Thursday, July 19, 2012

Why NLP should be wrapped with knowledge base


I have been working on improve the machine understandability of the Electronic Medical Records (EMR) for past few months. The main goal is to improve the efficiency of the routine activities of the hospitals. Hospital staff has to process thousands of documents to find the qualified patients for certain criteria daily(The heart failure patients who are not given instructions on their diets, activity level, medications, follow up plan etc..), we have not been able to help them in promising manner despite the enormous advancement of the technology.

Recent decisions in healthcare industry have forced people to rethink about their approaches to deal with routine activities. As a result of this, academics have been approached by the industry to solve their problems. This stimulates the current trend of exploring how to leverage the current technology in healthcare domain. Natural Language Processing(NLP), Linguistics, Data Mining, Information Retrieval, Machine Learning and Semantic Web are the frontline technologies being explored on this domain.

Within the project that I have been working on for last few months with motivated industry partner, we are concentrated on understanding EMR documents and perform queries on these documents. The main challenge for this task is the unstructured nature of the EMR documents, only 10%-20% of the EMR data has proper structure. Making the things worse, the unstructured portion of the EMR documents has most of the information that we need to understand to answer the queries accurately. Unfortunately, traditional information retrieval techniques are not capable of accepting this challenge due its inherent nature of the keyword based indexing and searching. The following example will illustrate the complexity of the problem.

Text in EMR: ‘The patient is suffering from hypertension, but he refuses the recurrent of chest pain or shortness of breath. He was suffering from atrial fibrillation during his last visit, but it is resolved.’

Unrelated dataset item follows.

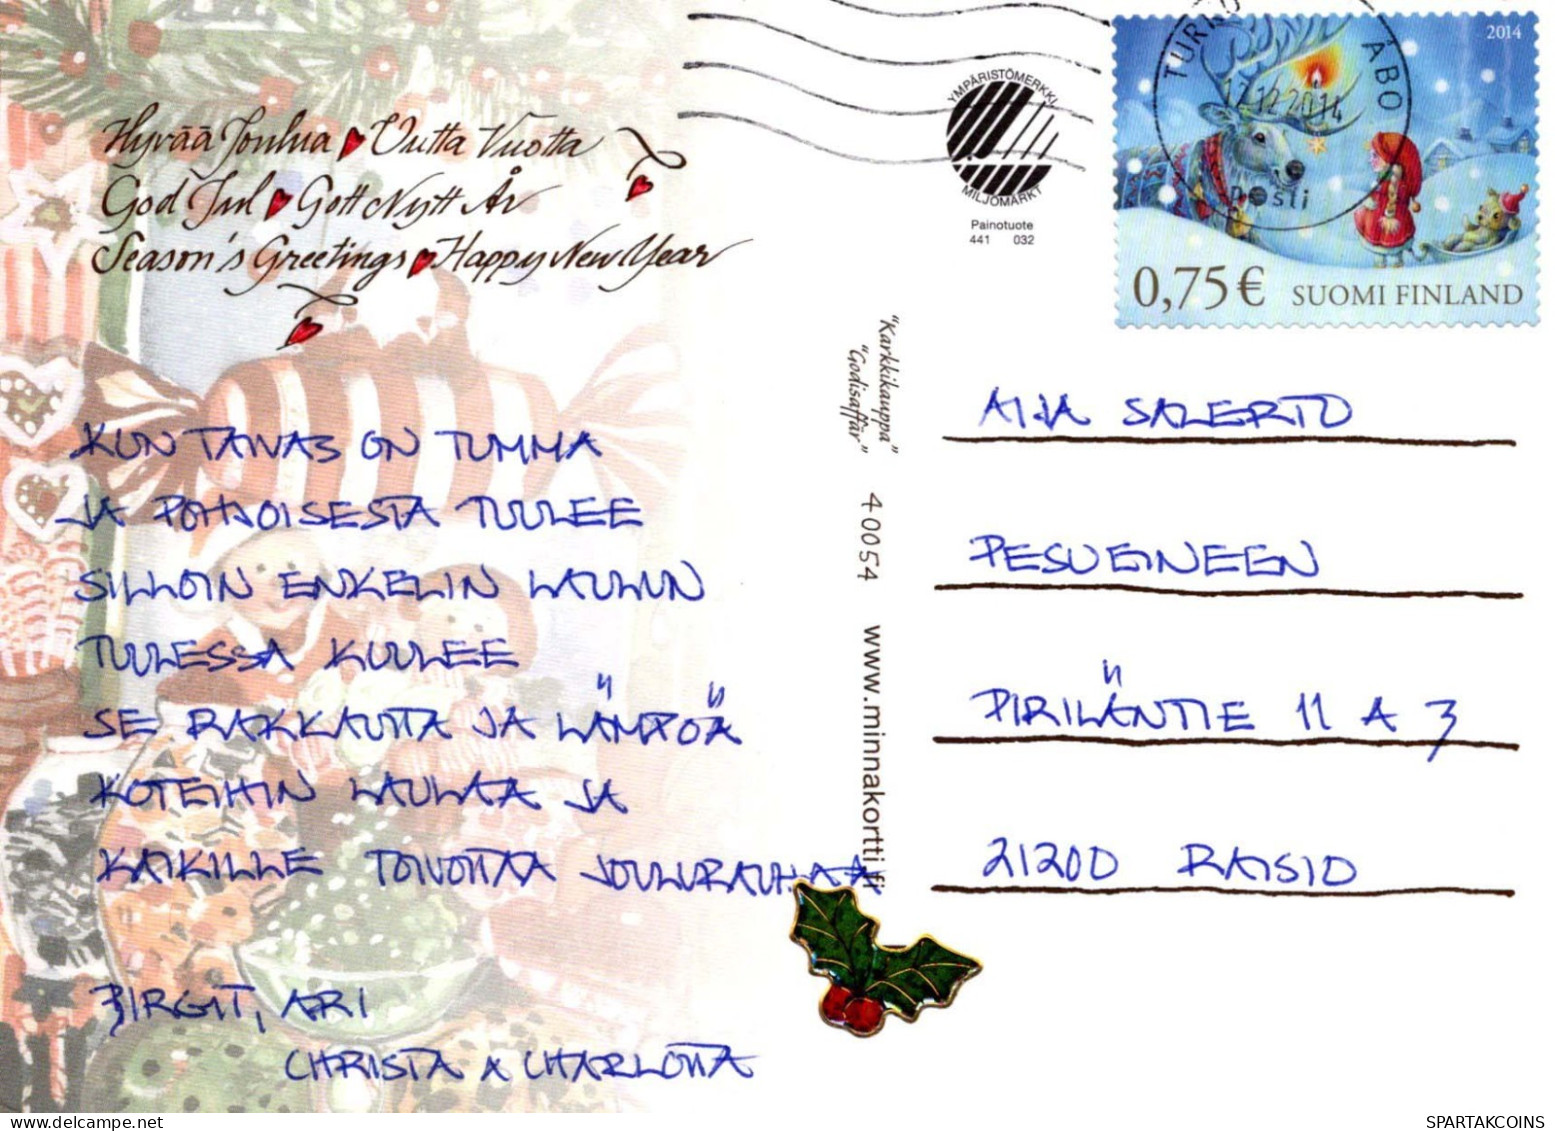 Buon Anno Natale GNOME Vintage Cartolina CPSM #PBM140.IT - New Year

The keyword based approach will retrieve this patient for the query which search for ‘patient with atrial fibrillation’. Furthermore, this patient will be in the results for query searching for ‘patients with chest pain’. But the semantics of the sentence convey the opposite.

NLP techniques showed some promise on dealing with these issues. There are few NLP engines which are optimized to deal with these issues. These engines are capable of identifying the concepts in the documents, the negation semantics, detect the temporal aspects to certain extent and convert the unstructured text to structured format. This structured format can be used for the querying purposes. Unfortunately, some of issues remain beyond the reach by NLP techniques as I discuss below.

Knowledge workers have crucial role to play in routine activities of healthcare domain. Significant amount of explicit and implicit knowledge is being used by the healthcare professionals in their routine activities. The subjective and dynamic nature of this knowledge makes this problem hard and hence interesting for me as a researcher. A successful solution aiming to cater healthcare domain requirements should consider how to incorporate expert knowledge. This is the main reason why our solution is backed by a knowledge base which encodes healthcare domain knowledge in formal manner. Furthermore, the knowledge base helps us to improve the output by the NLP engine.

Let me discuss why I feel NLP is not sufficient to solve these problems (even though I am not a NLP expert). NLP techniques mostly fail to understand the big picture of the document which is very crucial in this domain. The EMR document can contain the various information about the patient/his family from different person’s point of view. For example there can be a statement in the EMR document ‘He denies knowledge of hypertension’, but after the examination, doctor decides that he has hypertension. The NLP output of this document will states both facts which are contradicting, because its intention is to convey the semantics of each sentence. But this is not sufficient for the problems that we deal with. We don’t want this patient to appear in the results for queries which search for ‘patients with hypertension’ as well as ‘patients without hypertension’.

However, if the domain expert is given with all the concepts(symptoms, medication in this case) he would be able to determine whether the patient has hypertension or not with good accuracy (he doesn’t need to read the document to determine this). This is a classic example that point to the value of having a knowledge base.

Apart from above scenario, knowledge base can play a crucial role in retrieving the results for certain queries.  For example, healthcare professionals have to put lot of manual effort to find out the patients who takes beta-blockers(beta-blocker is a category of medications). There are 20+ medications which belongs to beta blocker category. The manual process of finding patients who take beta blocker will have to search for the presence of any of this medication in the document. NLP will help us to identify these 20+ medications as concepts, but it is not enough to include these documents for the query search for ‘patients taking beta-blockers’. Availability of comprehensive knowledge base can solve this problem.

Above illustration is not to state that knowledge base is the ultimate solution, but I believe that with some optimized molding of several technologies can achieve the expected quality of such a solution.